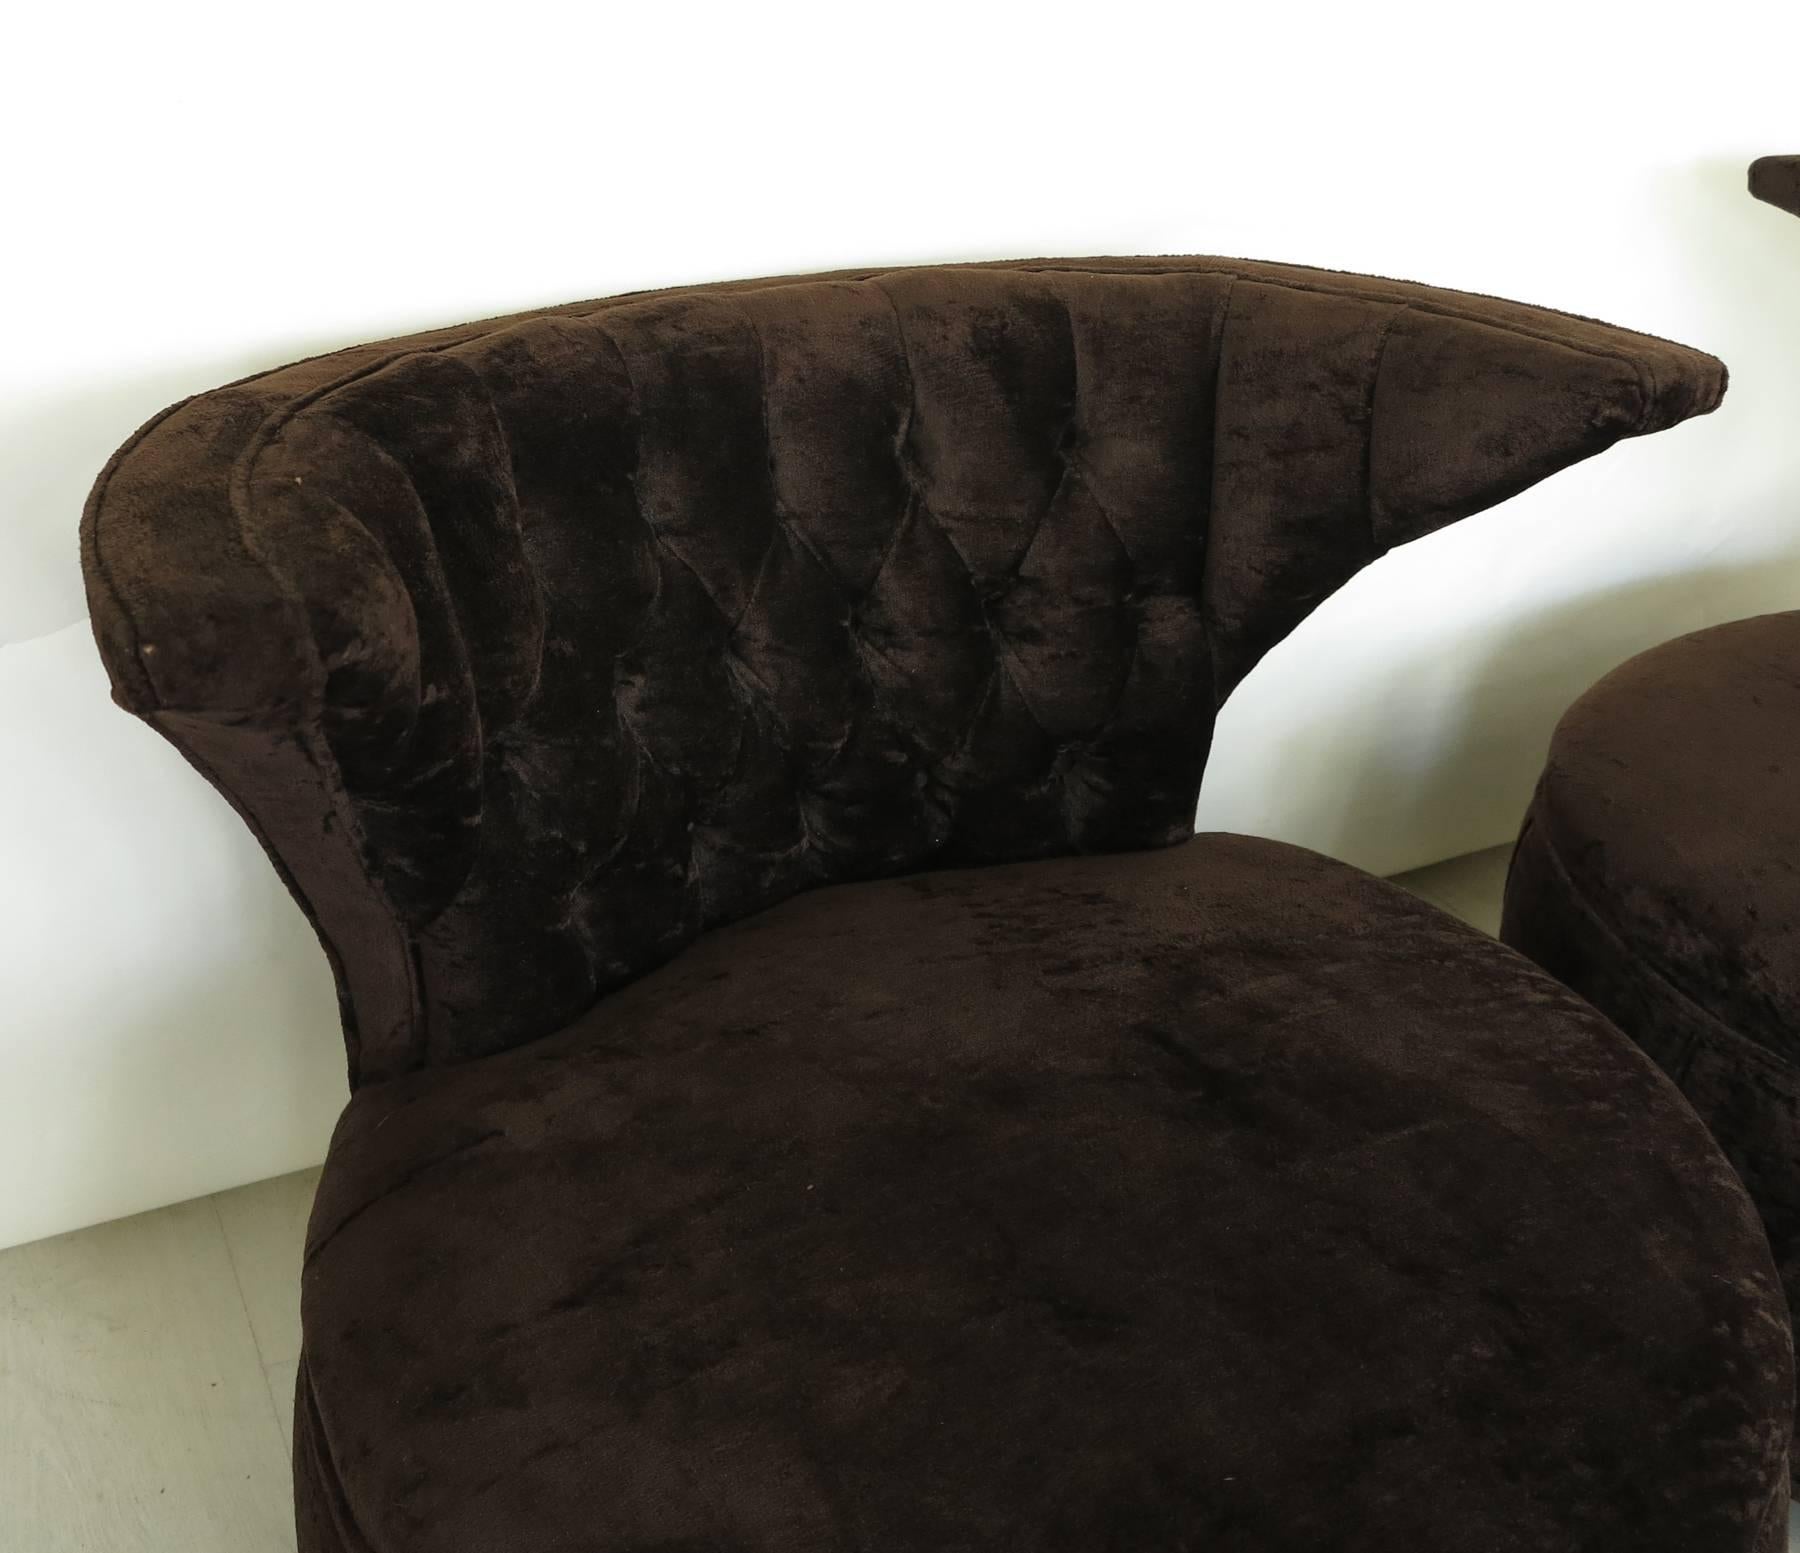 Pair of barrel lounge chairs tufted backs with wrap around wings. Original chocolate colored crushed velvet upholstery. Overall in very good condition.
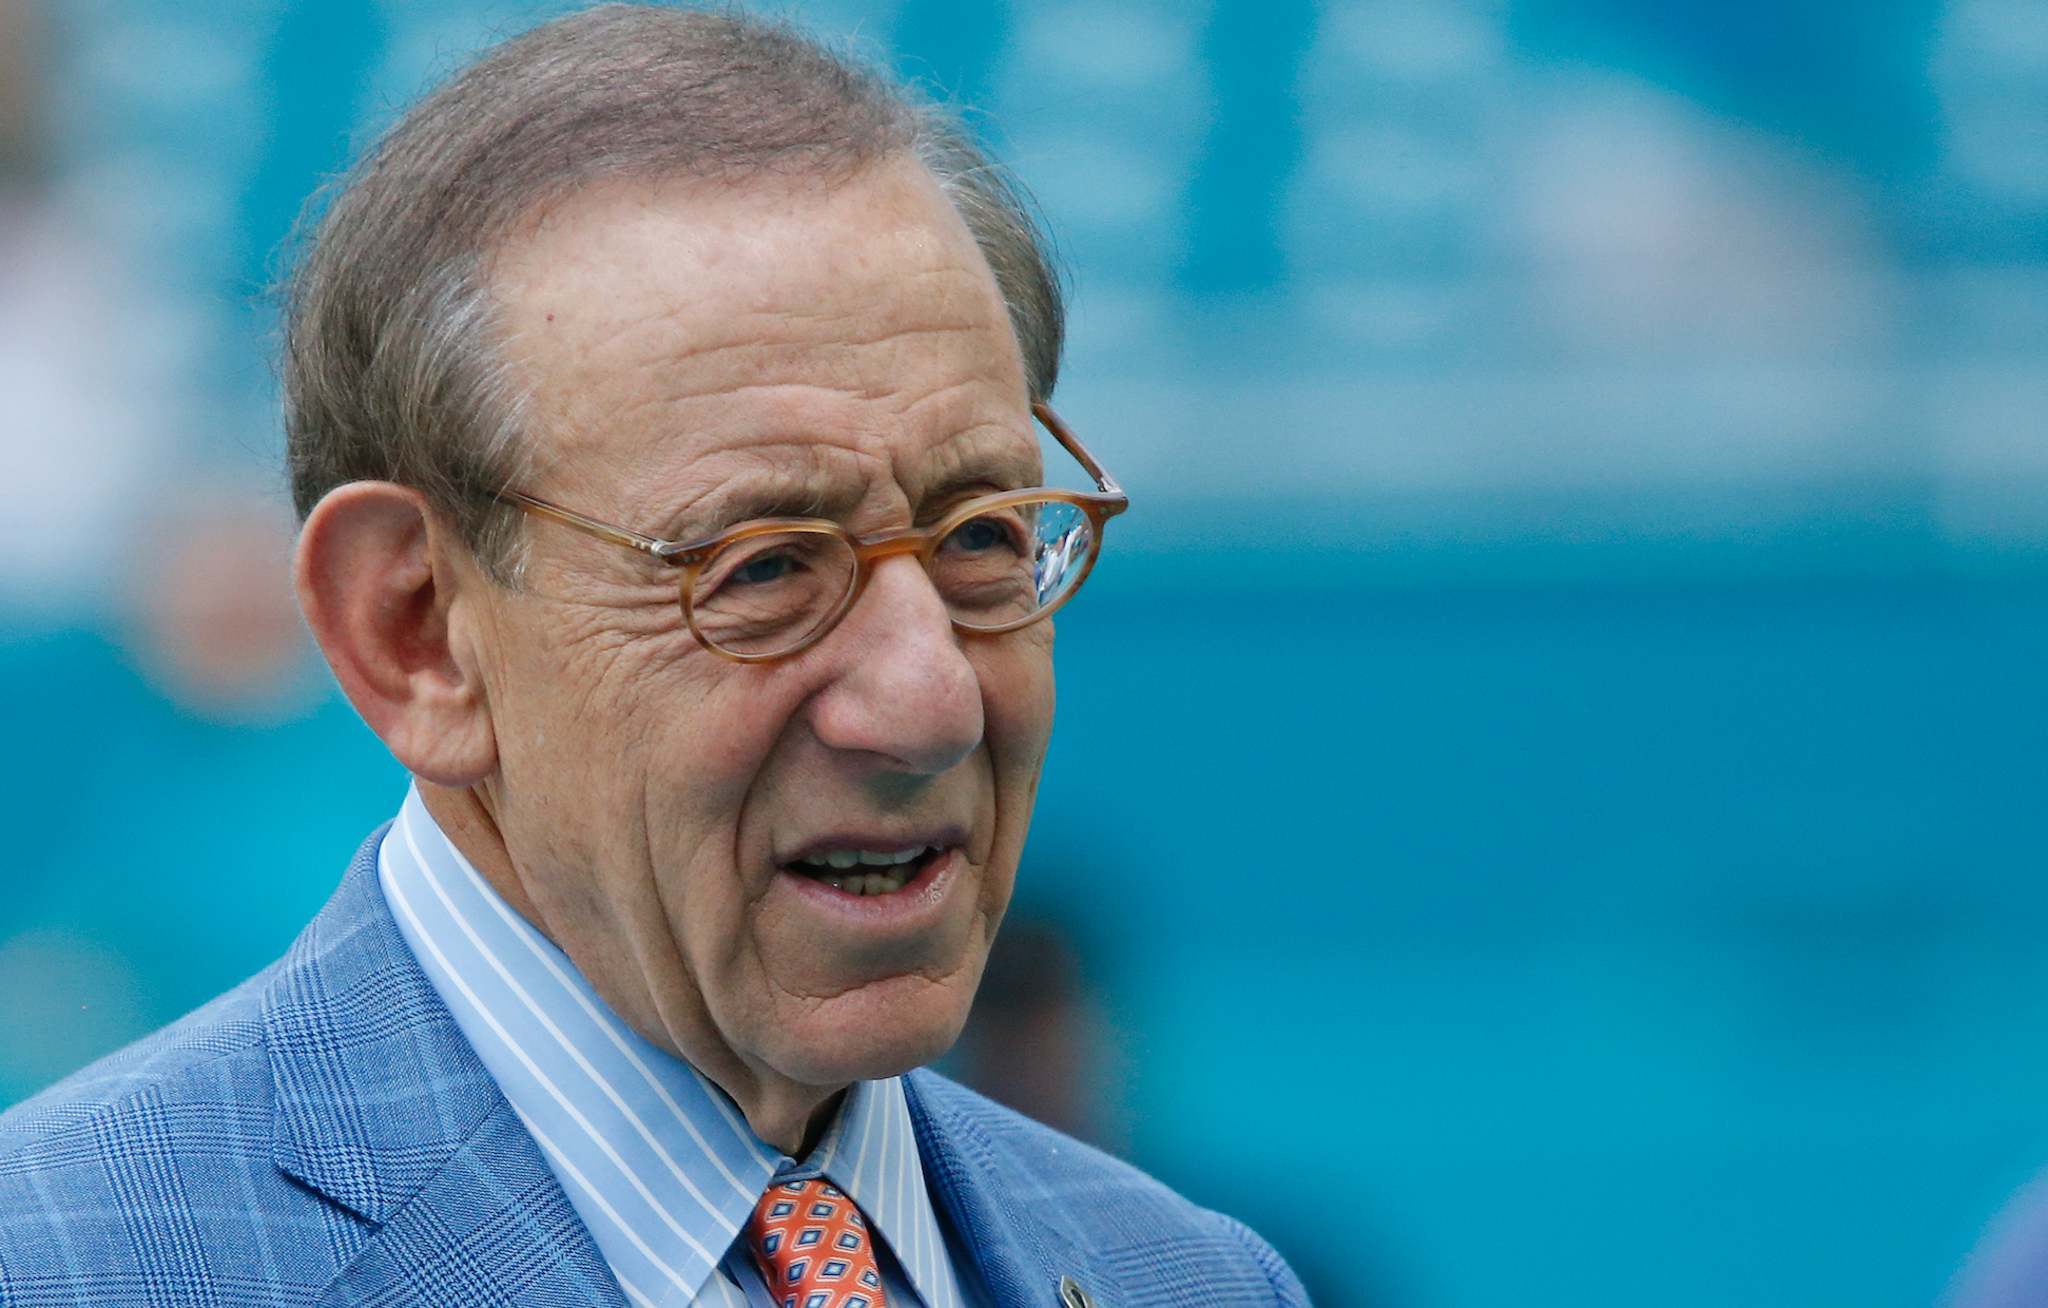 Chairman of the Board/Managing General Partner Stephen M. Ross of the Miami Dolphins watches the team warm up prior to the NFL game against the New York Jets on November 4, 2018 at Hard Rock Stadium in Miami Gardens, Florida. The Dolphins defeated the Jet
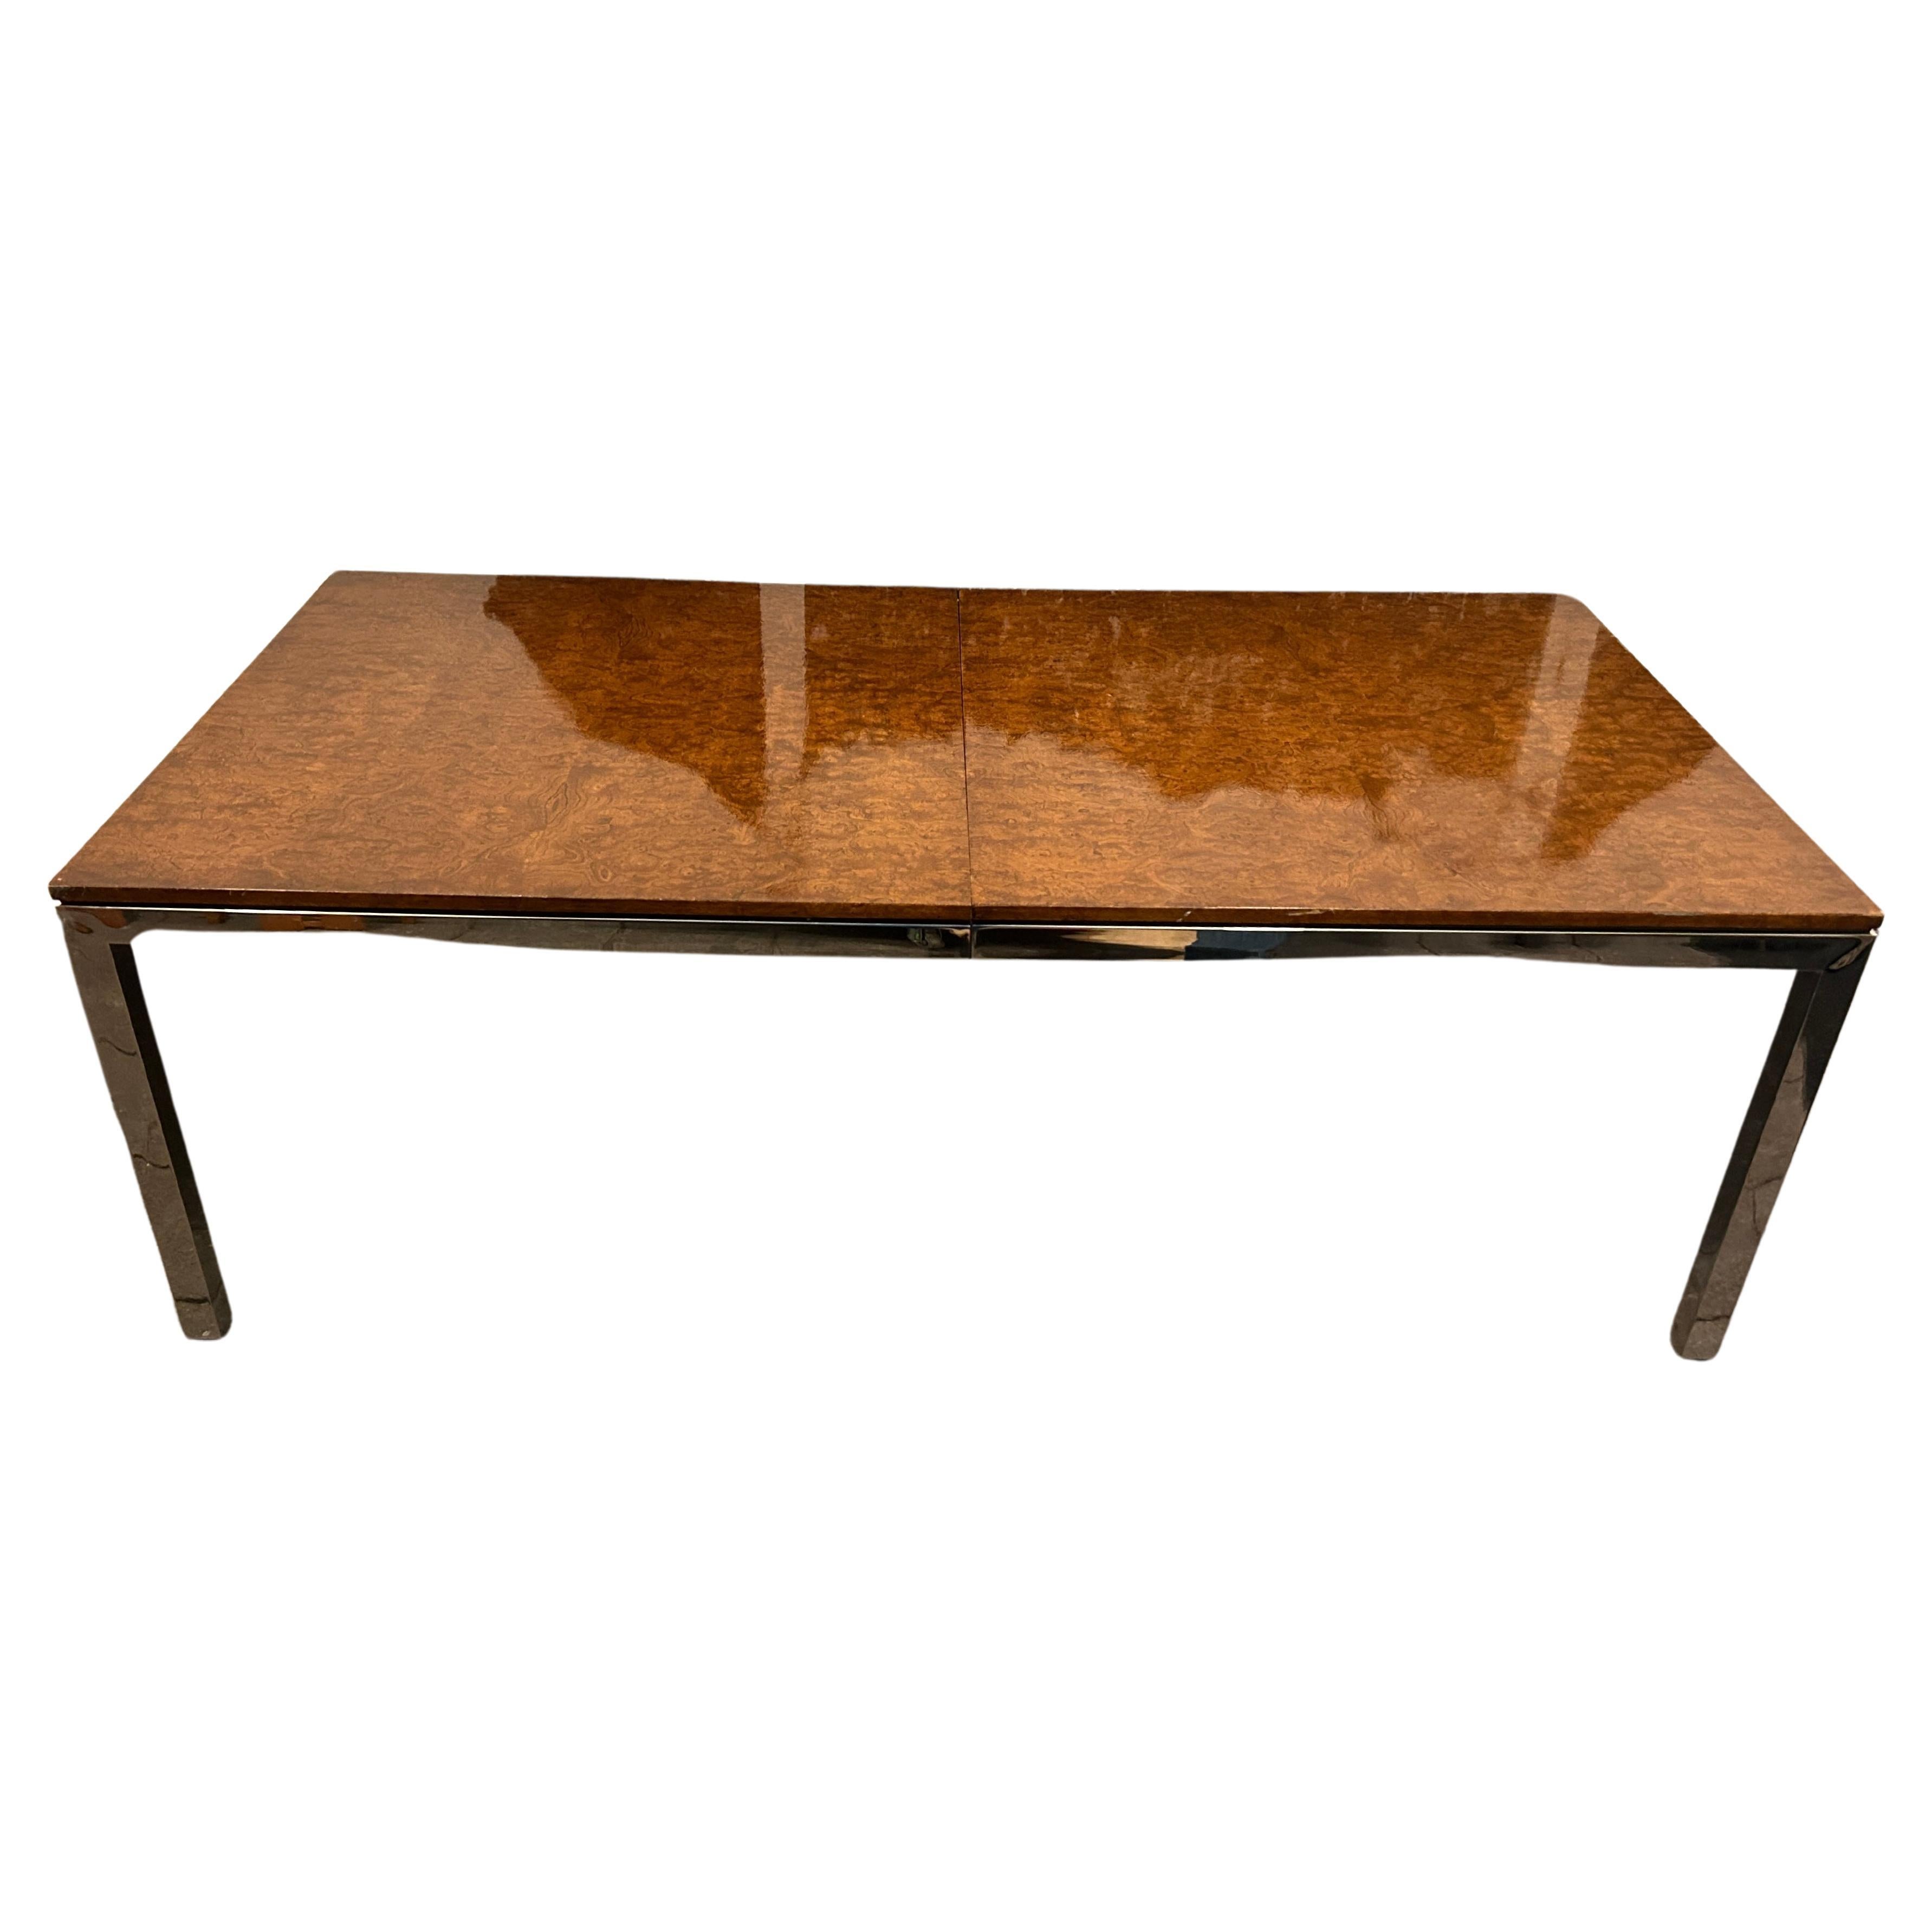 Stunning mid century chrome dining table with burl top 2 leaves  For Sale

Task to complete |
The data is to be restated word for word, with any pictures set aside.

Exercise response |
 Pair of barrel lounge chairs tufted backs with wrap around wings. Original chocolate colored crushed velvet upholstery. Overall in very good condition.
 Chairman of the Board/Managing General Partner Stephen M. Ross of the Miami Dolphins watches the team warm up prior to the NFL game against the New York Jets on November 4, 2018 at Hard Rock Stadium in Miami Gardens, Florida. The Dolphins defeated the Jet
 Stunning mid century chrome dining table with burl top 2 leaves  For Sale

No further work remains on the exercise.